Could not agree more!!!

Jul 1, 2019

I'm in a very similar situation at my nontarget alma mater. There is 1 student in the 3 classes behind me that actually wants to take advantage of the knowledge I've learned through my many mistakes. If it weren't for him, everything I have to say would've fallen on deaf ears.

Jul 1, 2019

At least it's good to know that those we're mentioning can at least throw ms across the thread. Would be way more interesting to see a single counter argument, but they come up short yet again.

JUST DO IT. Don't let your memes be dreams.

Jul 1, 2019

How would someone get bootleg copies of analyst training? I am an undergrad at a non target in my summer before senior year

Jul 1, 2019

deleting comment i ranted too much

Jul 1, 2019

I'd second it anyway. We have no clue what people have or haven't learned. Most haven't learned whatever, but I always give them a chance to wow me. I want them to do that. Did I really think that kid understood LBO modeling? No way, he was way off on the smell test. But I wanted him to prove that instinct wrong, even to just mention the very basics. Still, me just telling him he clearly didn't know stuff before being totally sure would have been completely asinine. Risk management 101...

JUST DO IT. Don't let your memes be dreams.

Jul 1, 2019

The best advice I can give to any kids reading this thread is just chill and "be normal" when you're reaching out to somebody. I know why you're e-mailing me, you don't have to ramble on about how passionate you are about finance/m&a (you're 20 years old, just stop). As a courtesy, you should also spell my name correctly, know which firm I work at, and where I'm based since you already found me via linkedin and all of that information is readily available.

Unsolicited linkedin invites are weird too and should be saved for after you establish contact with the person.

Jul 1, 2019
Hugh Myron:

The best advice I can give to any kids reading this thread is just chill and "be normal" when you're reaching out to somebody. I know why you're e-mailing me, you don't have to ramble on about how passionate you are about finance/m&a (you're 20 years old, just stop). As a courtesy, you should also spell my name correctly, know which firm I work at, and where I'm based since you already found me via linkedin and all of that information is readily available.

Unsolicited linkedin invites are weird too and should be saved for after you establish contact with the person.

This and what @rubicon367 said. I understand the awkwardness and being scared since I was once in those shoes and it was not that long ago. Try to be "normal" when you approach people, since, well, despite their jobs, people are people. I talk to lots of people and enjoy trying to help out in general. So please get back to me in a timely fashion (doesn't have to be immediate). The odd message after you have made said jump to whatever position would be nice.
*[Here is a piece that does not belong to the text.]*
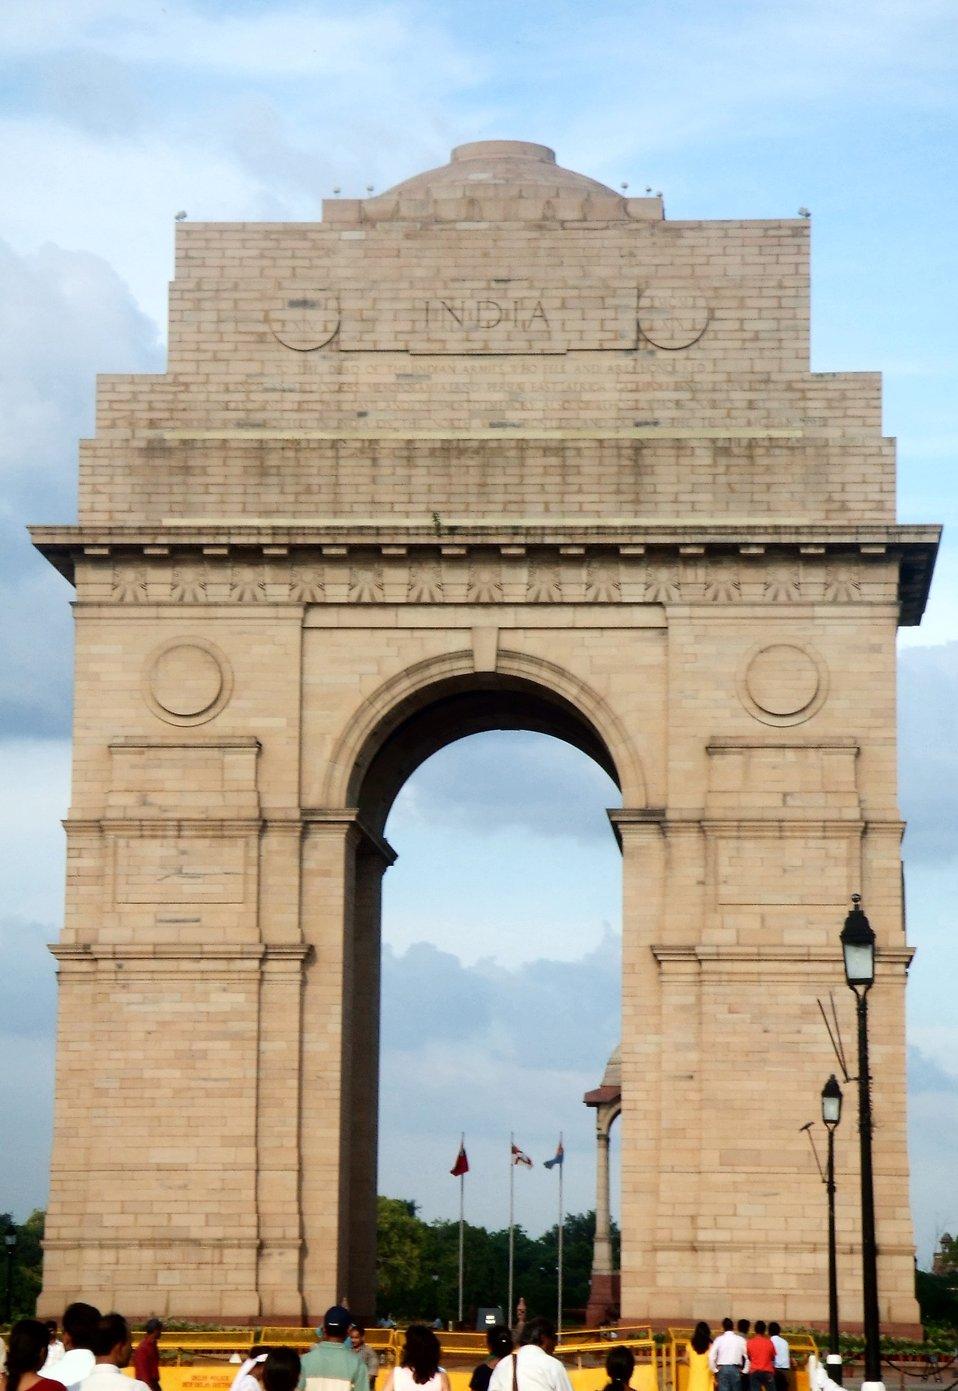 India Gate.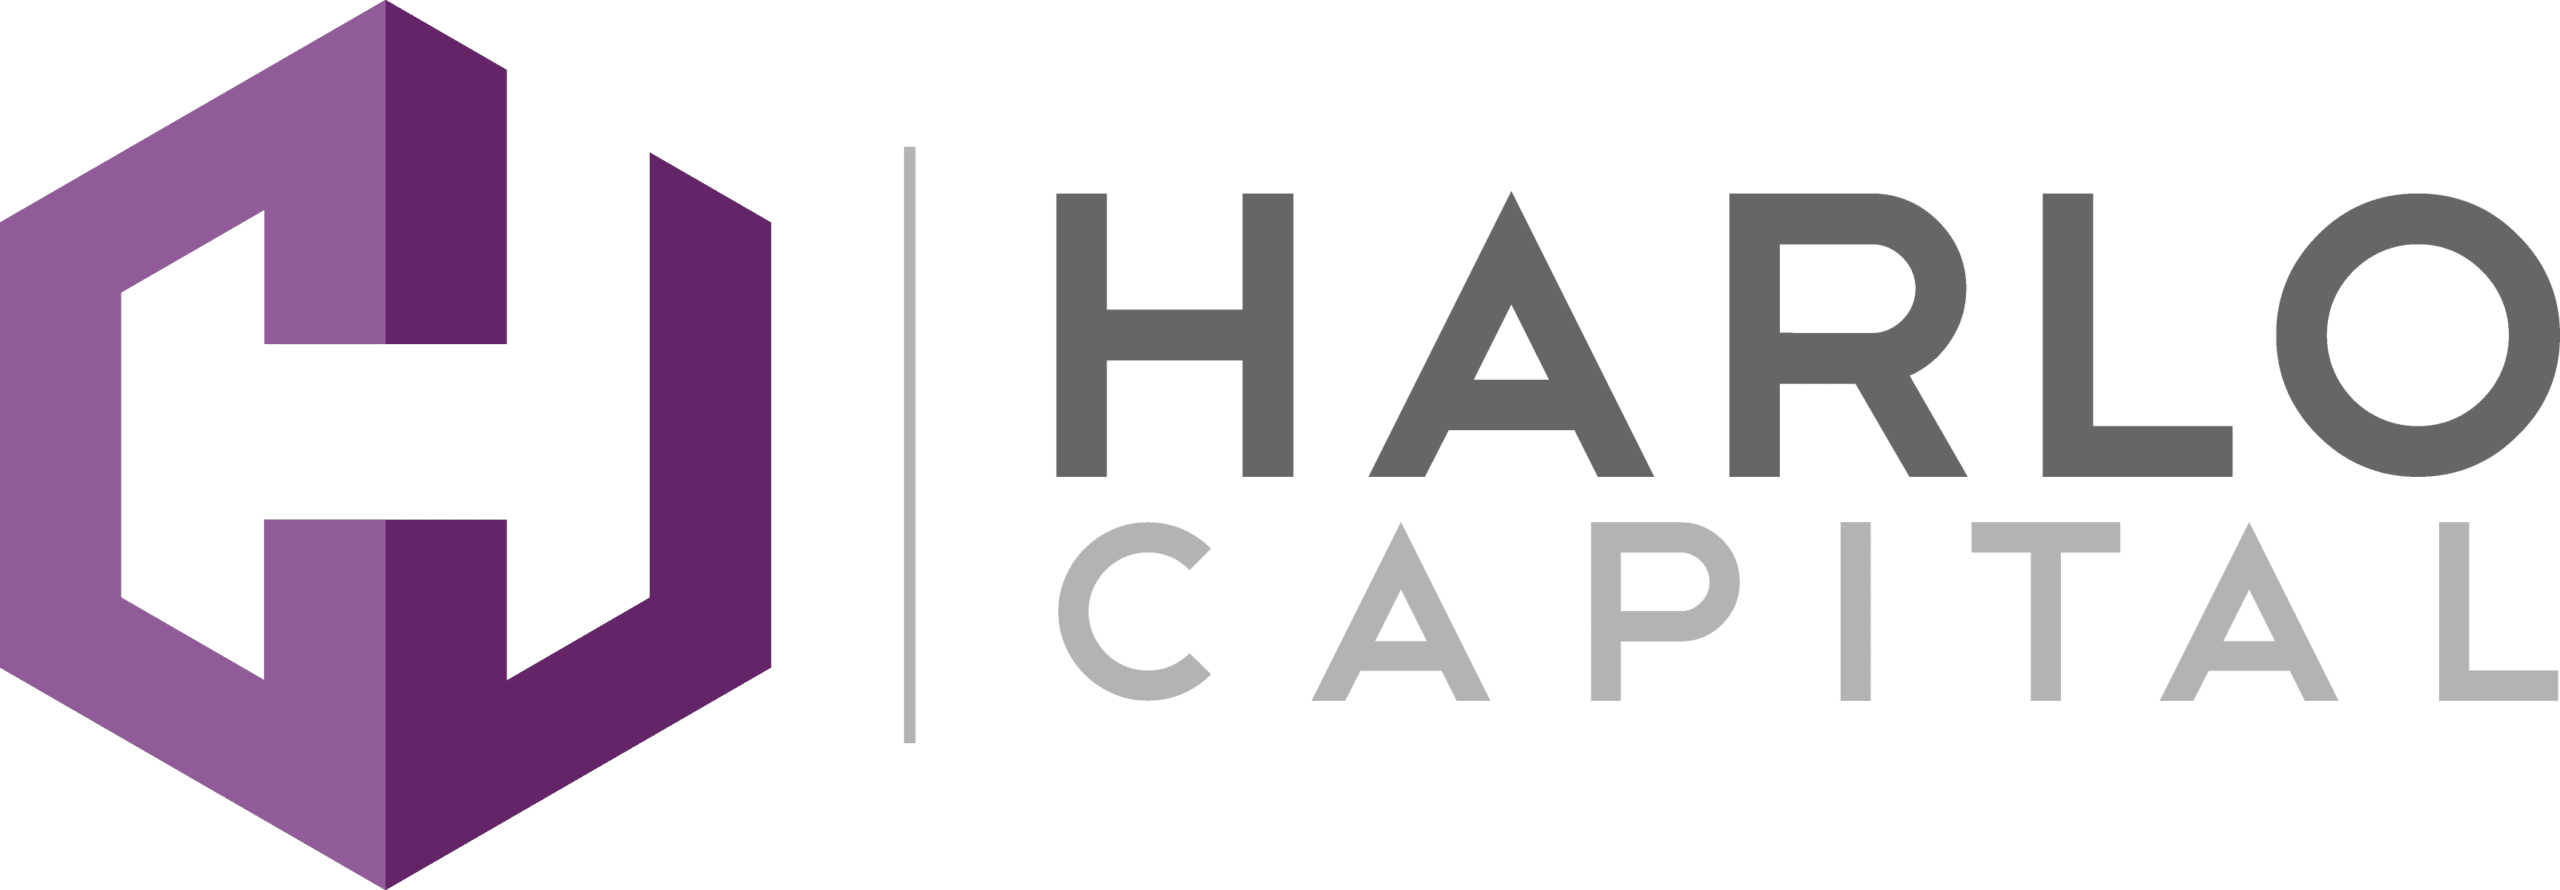 harlo-capital-logo

What would be nicer is if you took the positive experience that I gave you and then passed it down with your wisdom to other potential newbies to the industry.. You know, keep the cycle of good karma and positivity (which is in very short supply in our industry) going.
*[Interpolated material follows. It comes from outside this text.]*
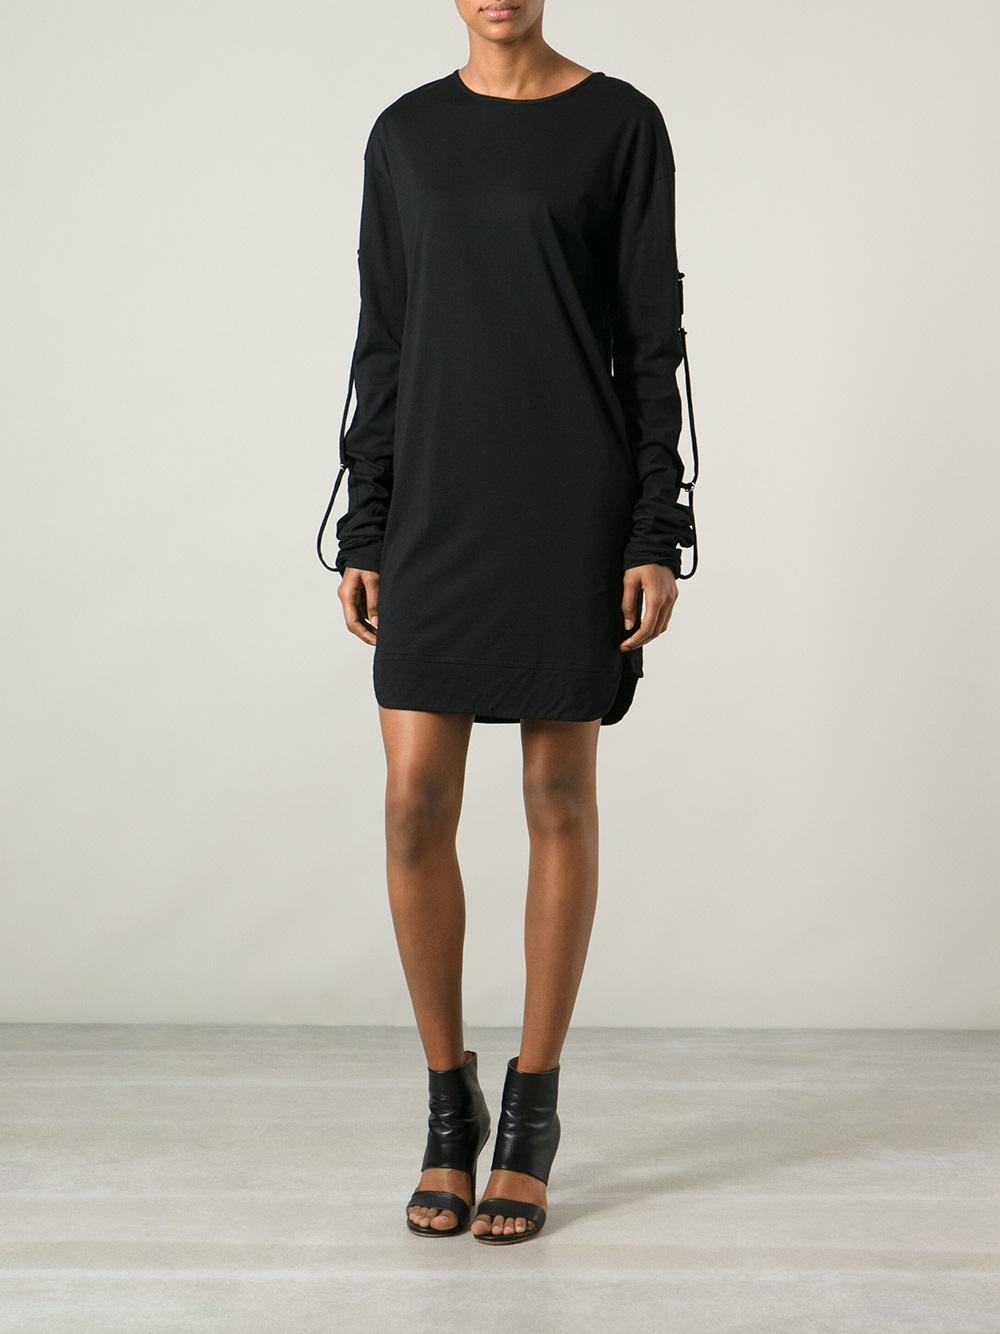 Lyst isabel marant tshirt dress in black for Isabel marant shirt dress

Funnily enough on LinkedIn, I will accept most requests, but please add a note in why you want to connect so that I can try to help (I know you probably want a job or some help, and that's cool). I do the same and so often I get rejected (and that's totally fine) since I know I won't be able to meet the people otherwise and LinkedIn may be the only way to reach out to said person in the near immediate future.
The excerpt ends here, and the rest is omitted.